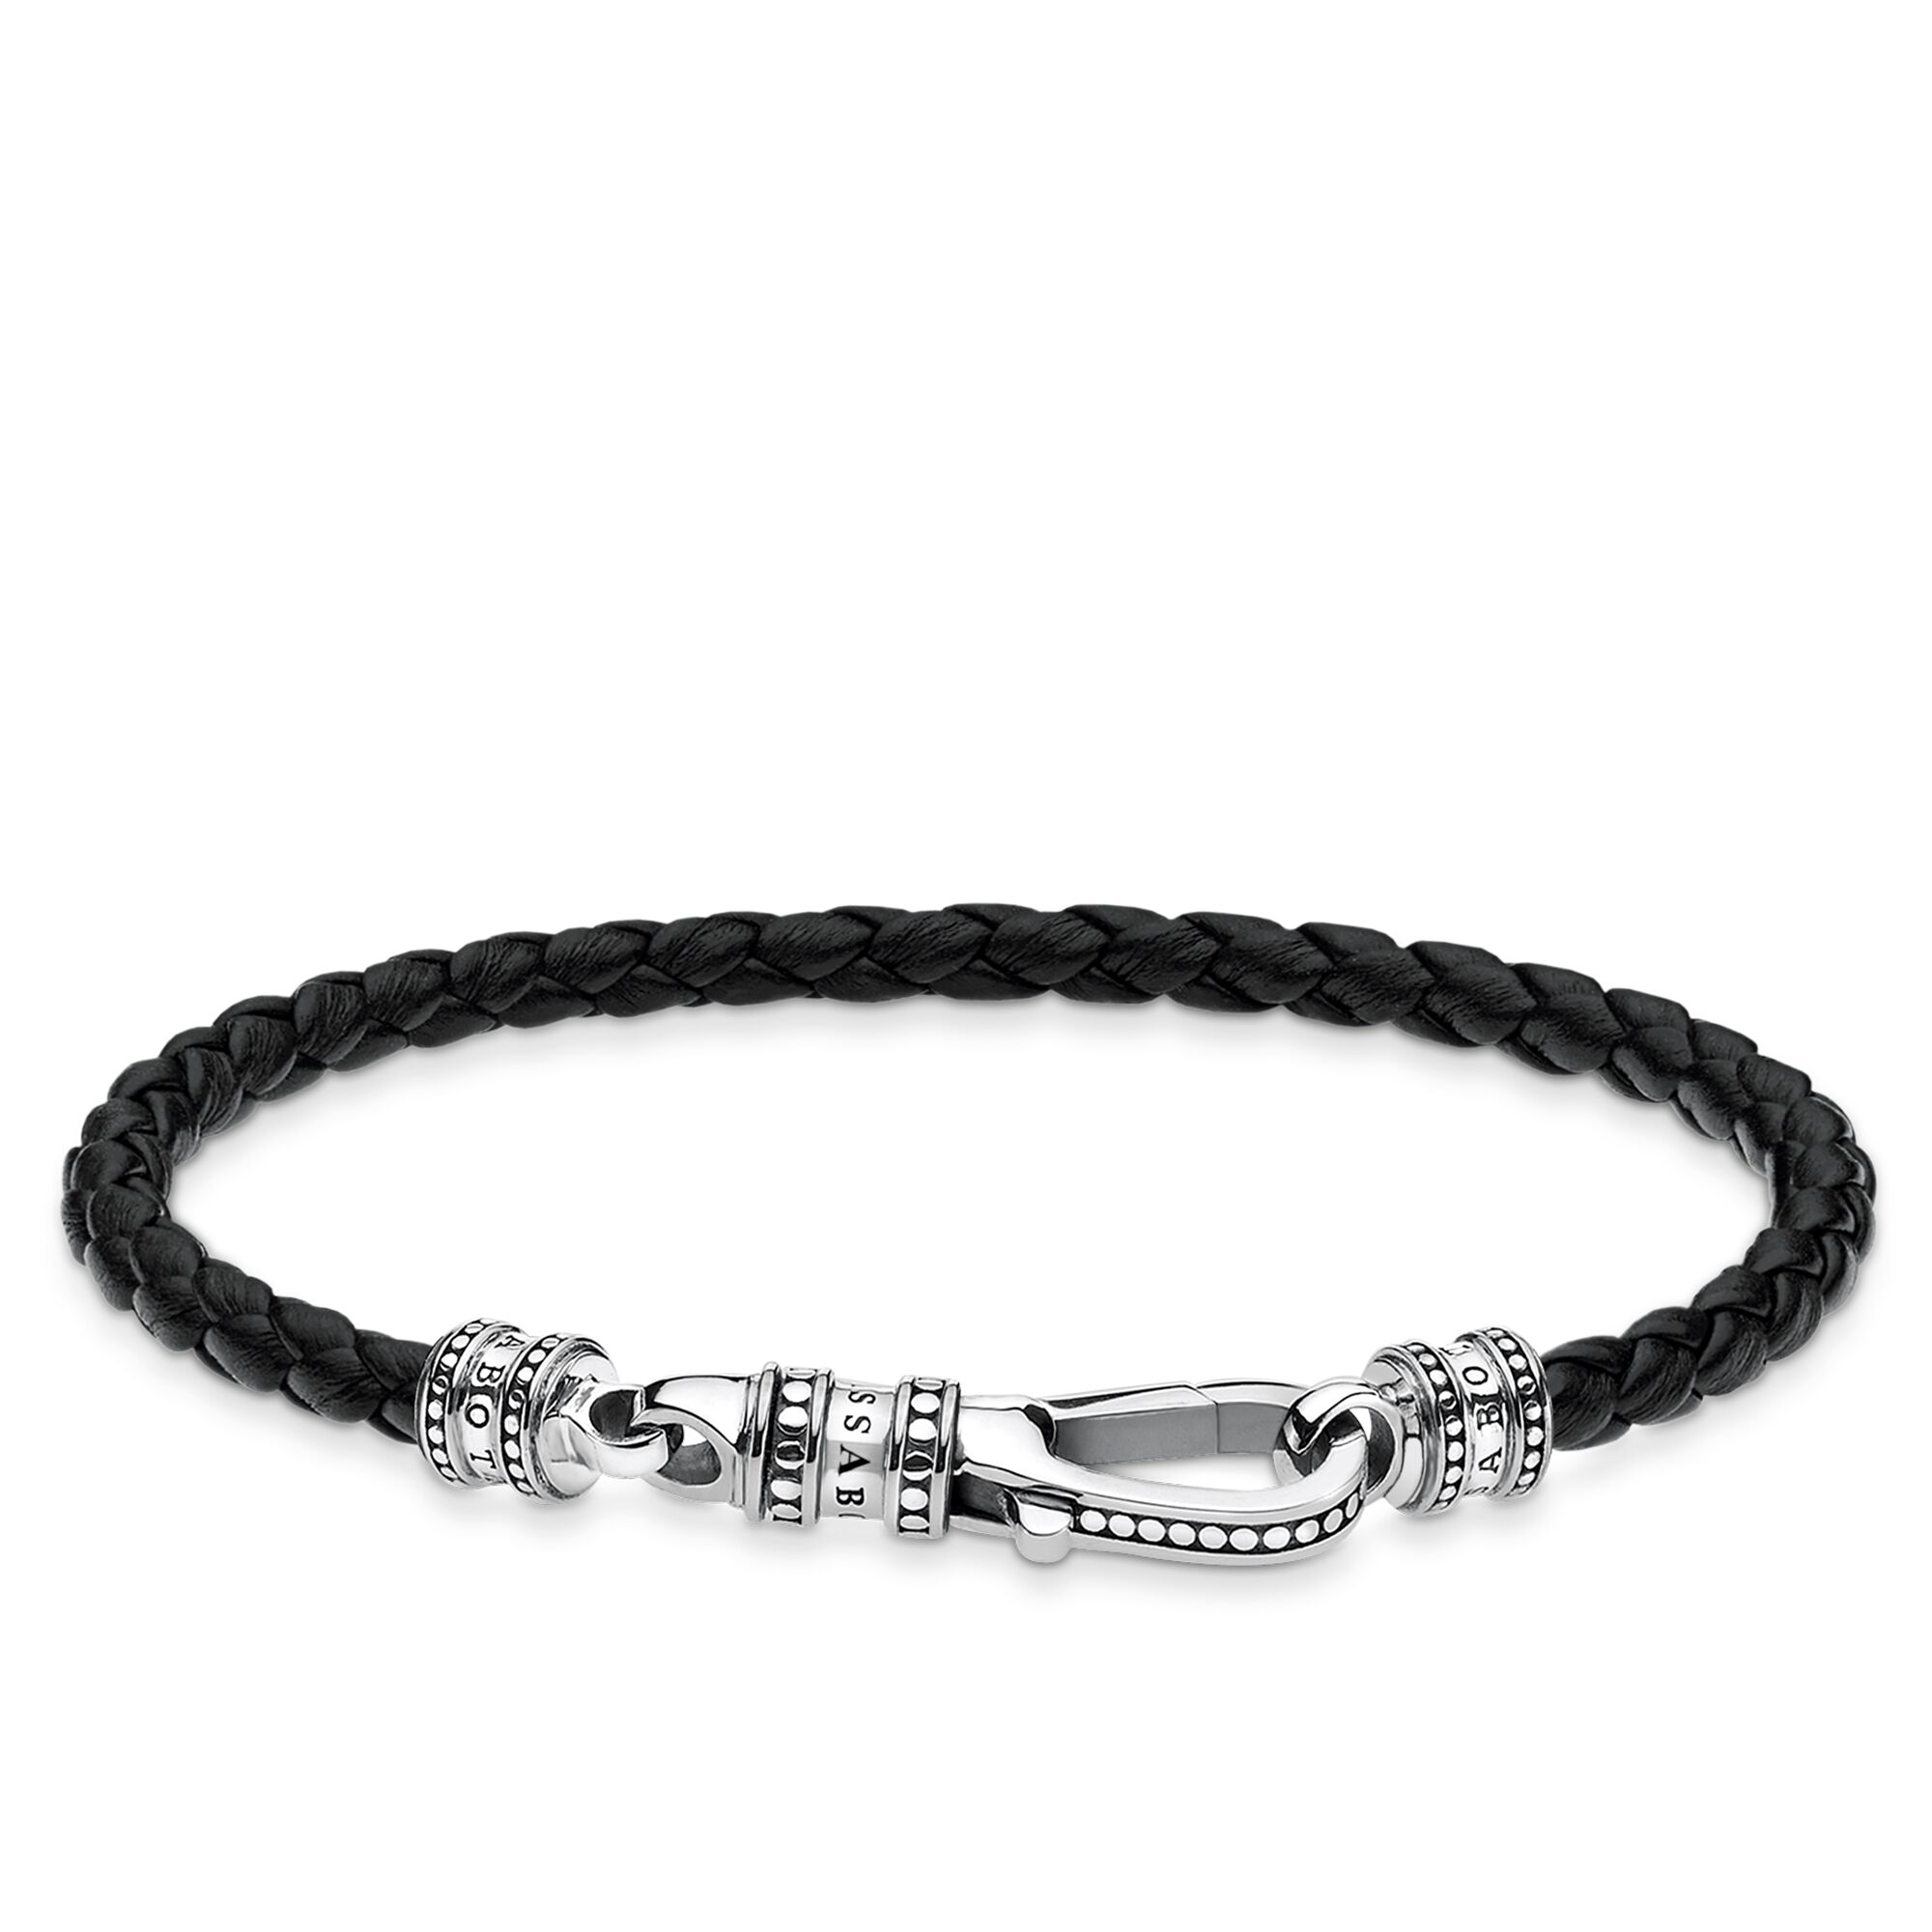 Wholesale OEM/ODM Jewelry Custom Hand-woven, black leather bracelet design in Sterling silver manufacturer
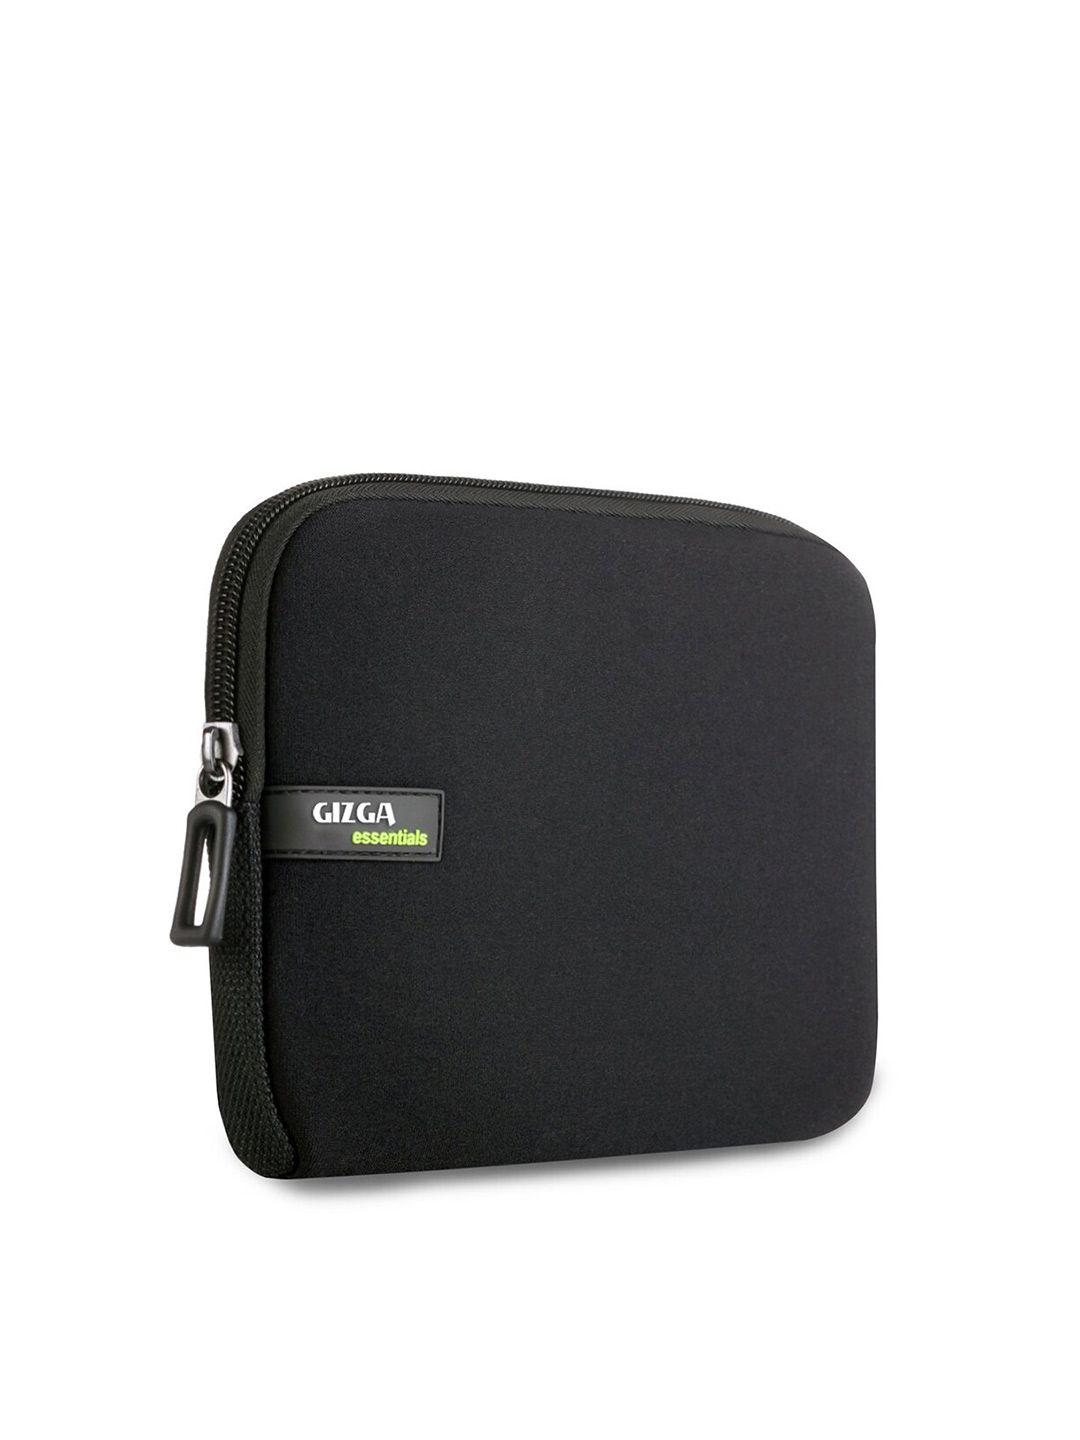 gizga essentials grey water resistant laptop bag
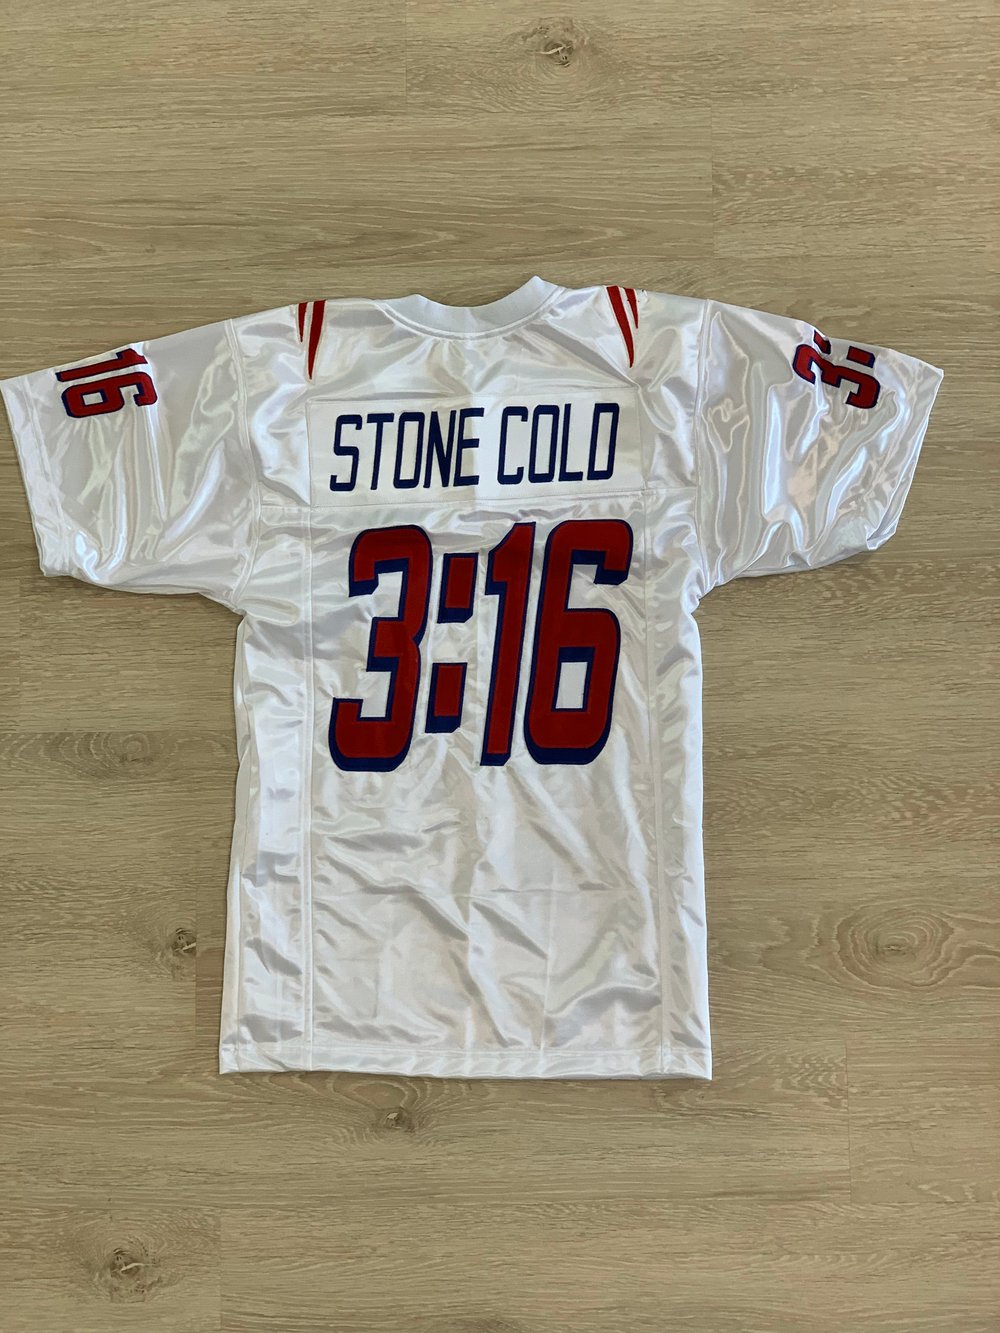 Image of Stone Cold Steve Austin PATS Football jersey
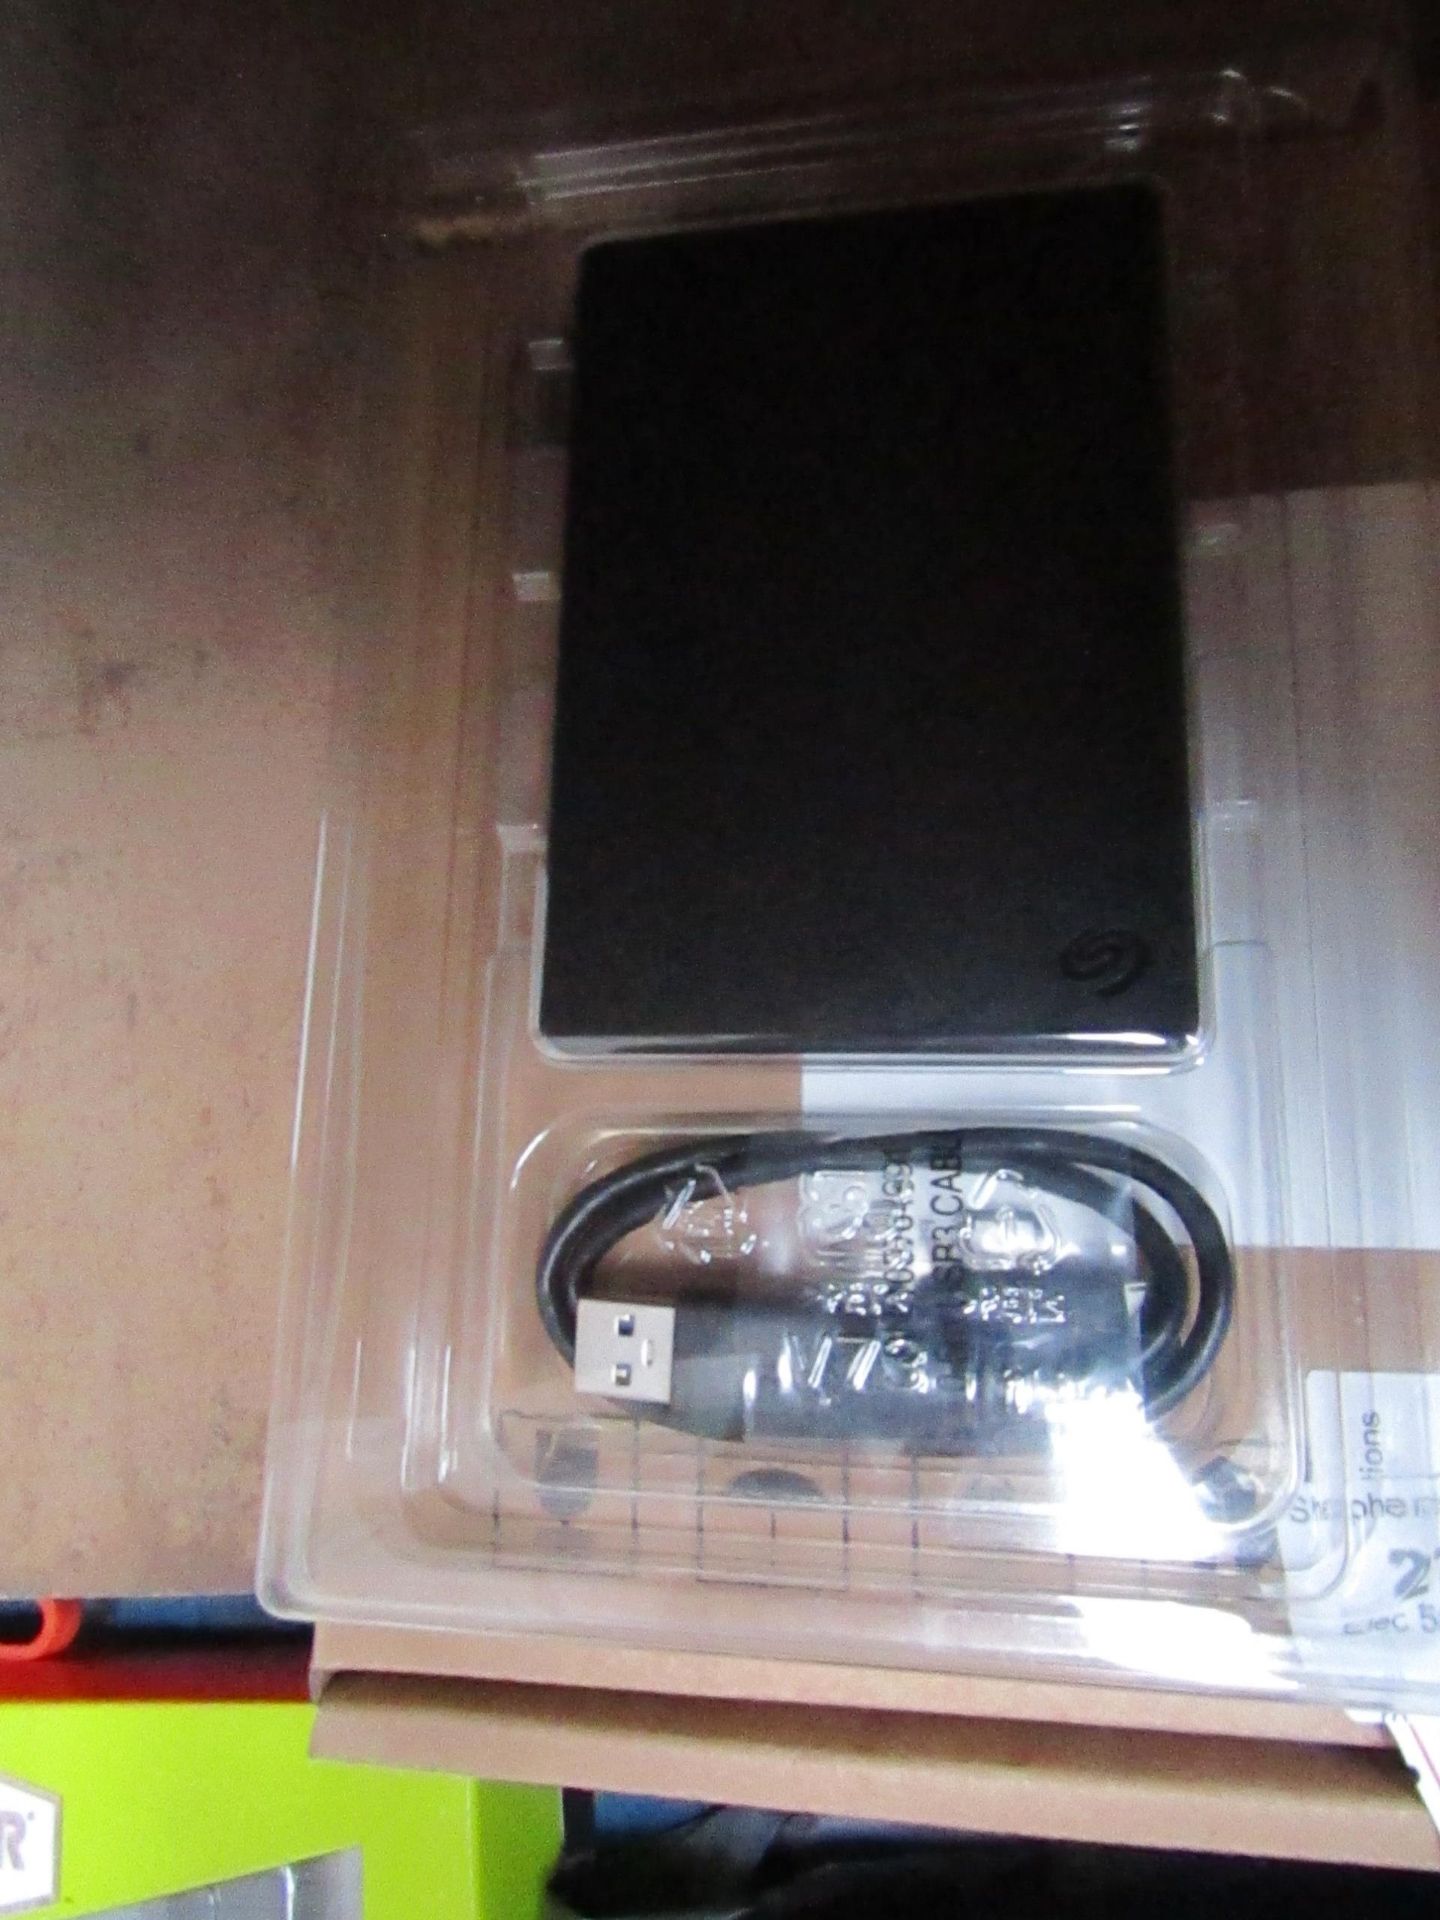 Seagate 2TB Portable Drive, untested and boxed.

* **What is needed**:
Without the pictures, write out every line above exactly as it appears.

* **Answer box**:
 Wholesale OEM/ODM Jewelry Custom Hand-woven, black leather bracelet design in Sterling silver manufacturer
 gizga essentials grey water resistant laptop bag
 Image of Stone Cold Steve Austin PATS Football jersey
 Seagate 2TB Portable Drive, untested and boxed.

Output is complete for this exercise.